In the U.S., a government study found that nearly 40 percent of people who have died with COVID-19 had diabetes. That statistic, according to Izuora, seems on the mark in Las Vegas. COVID-19 appears not only to thrive in a high-sugar environment but to exacerbate it. High blood sugar can weaken the immune system or damage vital organs. The virus often targets the heart, lungs, and kidneys, organs already weakened in many diabetes patients. High glucose and lipid counts in patients with diabetes can trigger a “cytokine storm,” when the immune system overreacts, attacking the body and sometimes causing lethal blood clots to form. Studies now suggest the virus may also trigger new cases of diabetes.
Izuora, whose research focuses on diabetes and its complications, sees research breakthroughs coming in endocrinology, particularly in the management of diabetes. “Over the course of my career, I have seen so much change and anticipate even more,” he said. “This includes new medications and devices that have resulted in improved quality of life and better life expectancy for our patients. This is why it is important to invest our efforts in research.”

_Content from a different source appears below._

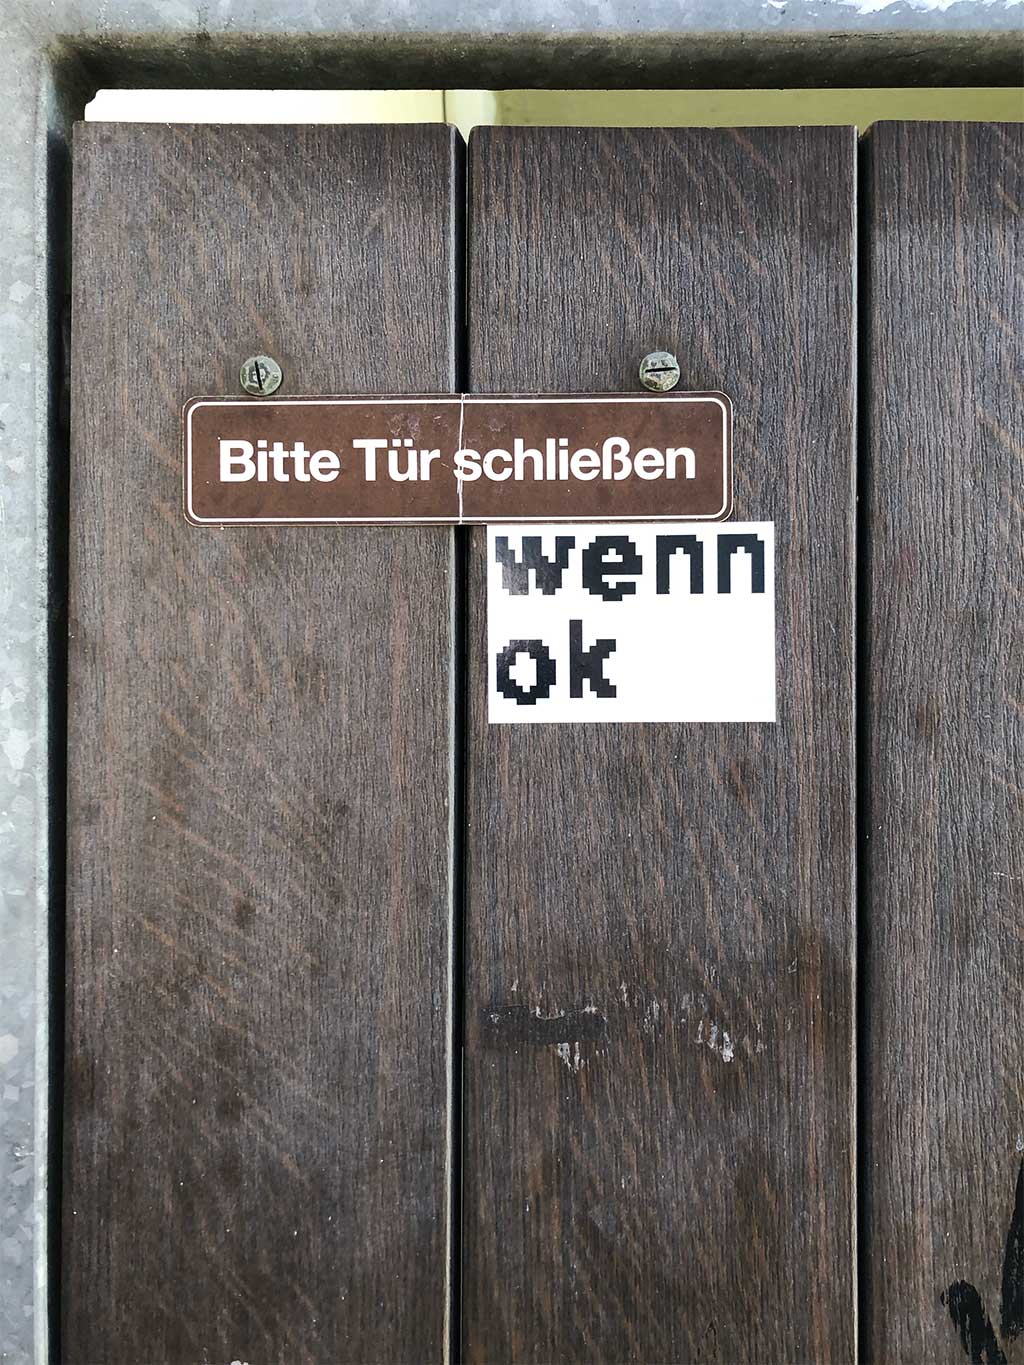 Urban Art Offenbach - Bitte Tür schließen wenn OK

A former president of the Nevada Chapter of the American Association of Clinical Endocrinologists (AACE) and a current member of the National AACE Board of Directors, Izuora said the risk of catching the virus isn’t higher in patients with diabetes than for anyone else. But they can have worse complications if they do get exposed. That’s especially true, he said, if their diabetes isn’t well-controlled.
“I keep telling my patients to take all precautions not to be exposed,” said Izuora, who as a member of the UNLV Medicine COVID-19 Task Force has helped develop some of the algorithms used to guide clinical decisions related to the virus.
“Just wearing a mask can help so many of my patients keep free of the virus.”